-- Work to complete --
Only one stretch of the material below is wanted: everything from the line containing "Charlotte d'Ornellas et" down to the line containing "70+ DA 10+ Dofollow", both ends included. Repeat it exactly and skip the pictures.

═════ Data to examine

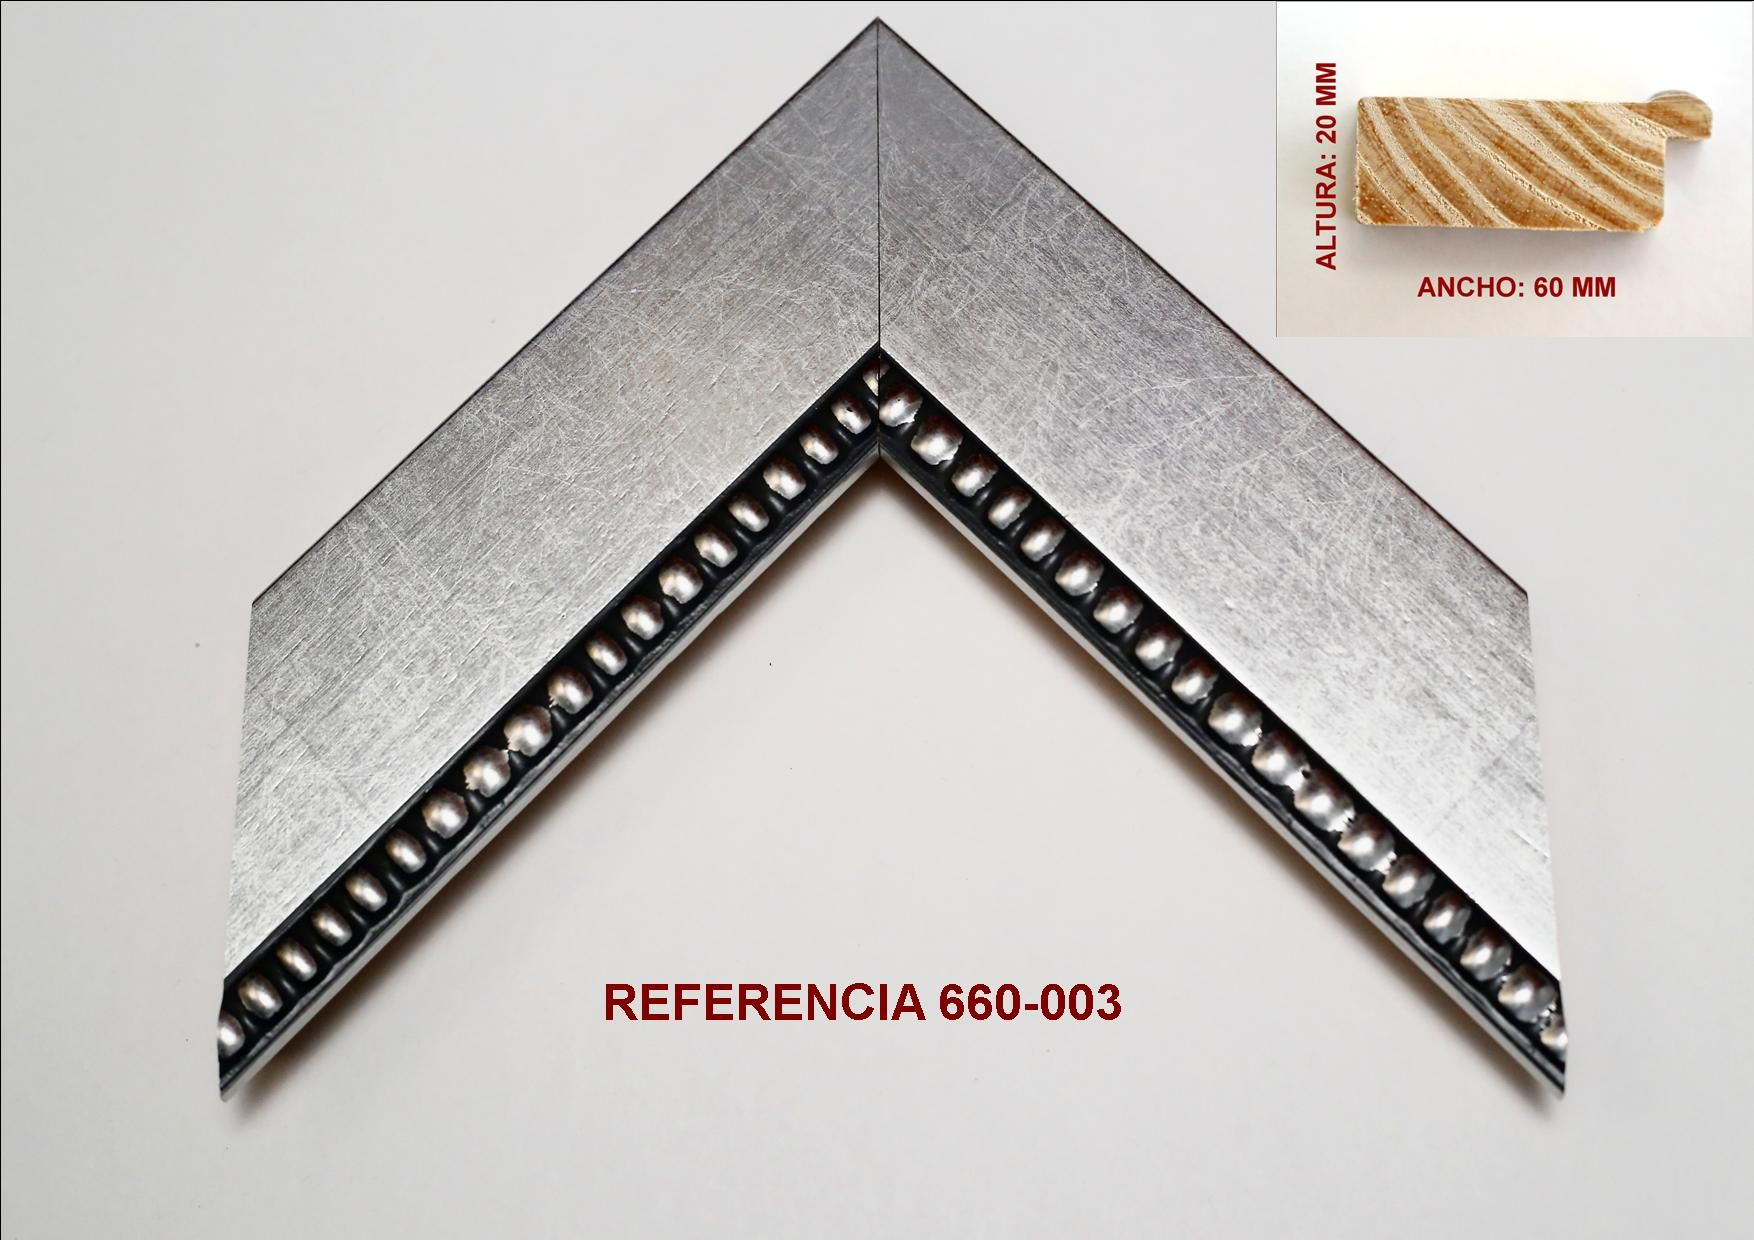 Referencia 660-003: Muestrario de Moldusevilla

══════════
═════ Data to examine

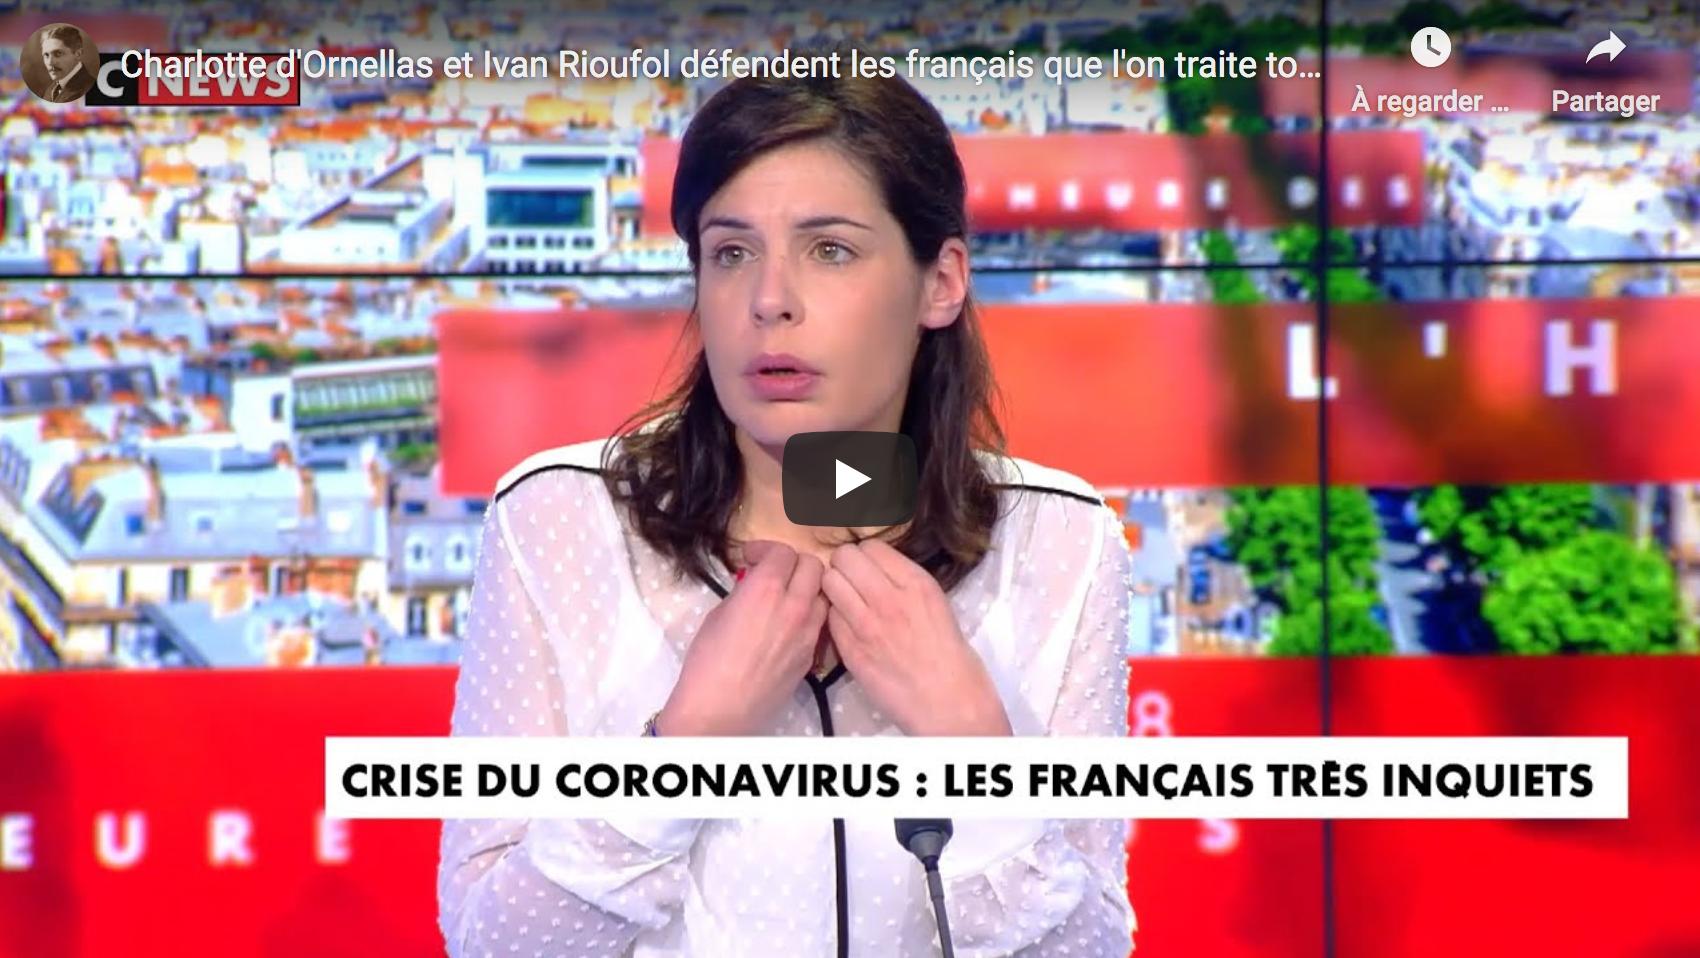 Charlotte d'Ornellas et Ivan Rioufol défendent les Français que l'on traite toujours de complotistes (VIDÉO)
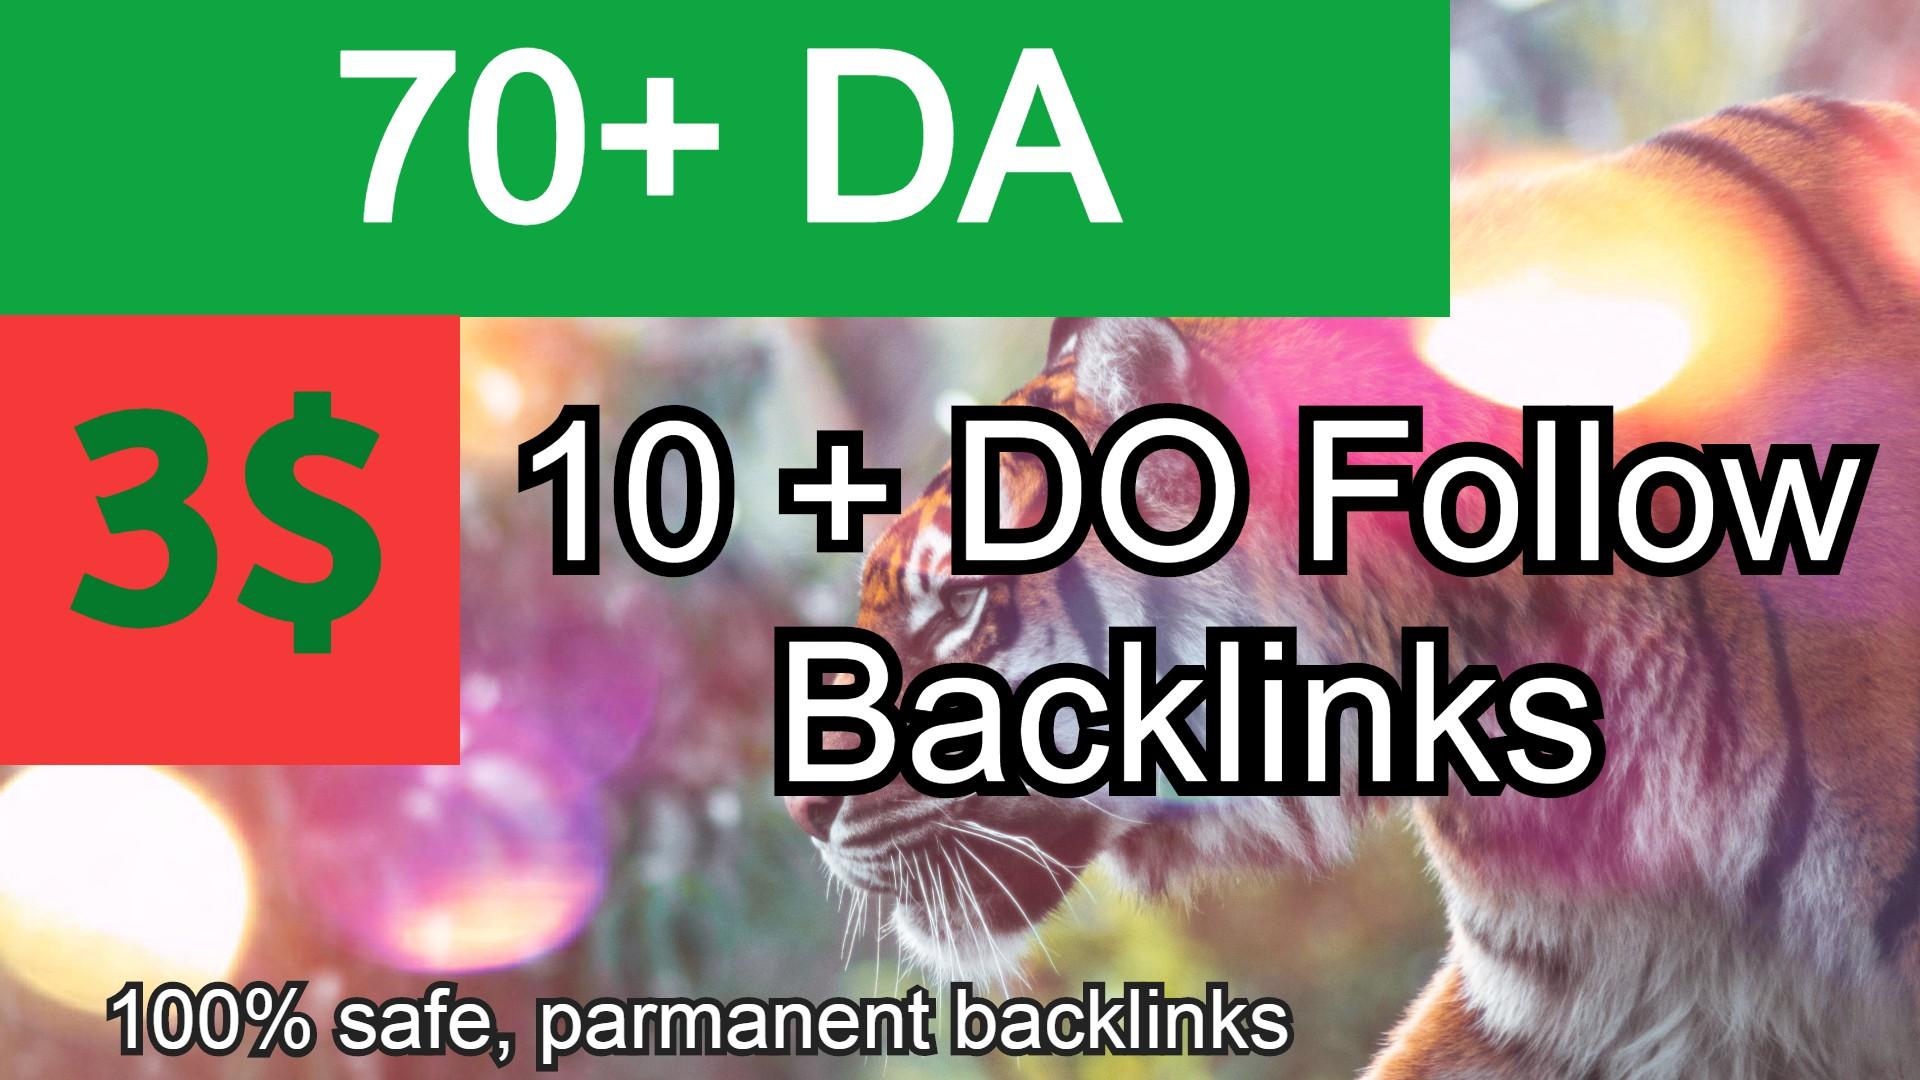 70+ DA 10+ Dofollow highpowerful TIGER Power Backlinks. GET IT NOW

══════════
═════ Data to examine

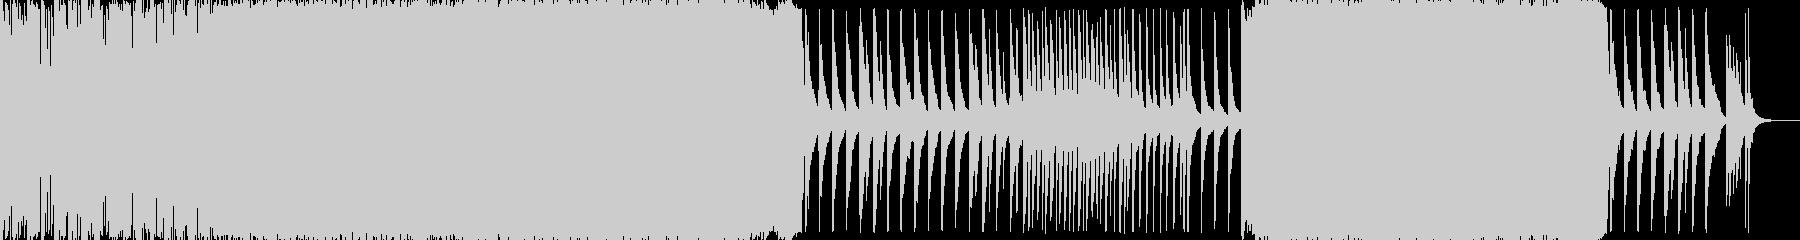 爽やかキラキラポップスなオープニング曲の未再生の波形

══════════

-- Response to the exercise --
 Charlotte d'Ornellas et Ivan Rioufol défendent les Français que l'on traite toujours de complotistes (VIDÉO)
 70+ DA 10+ Dofollow highpowerful TIGER Power Backlinks. GET IT NOW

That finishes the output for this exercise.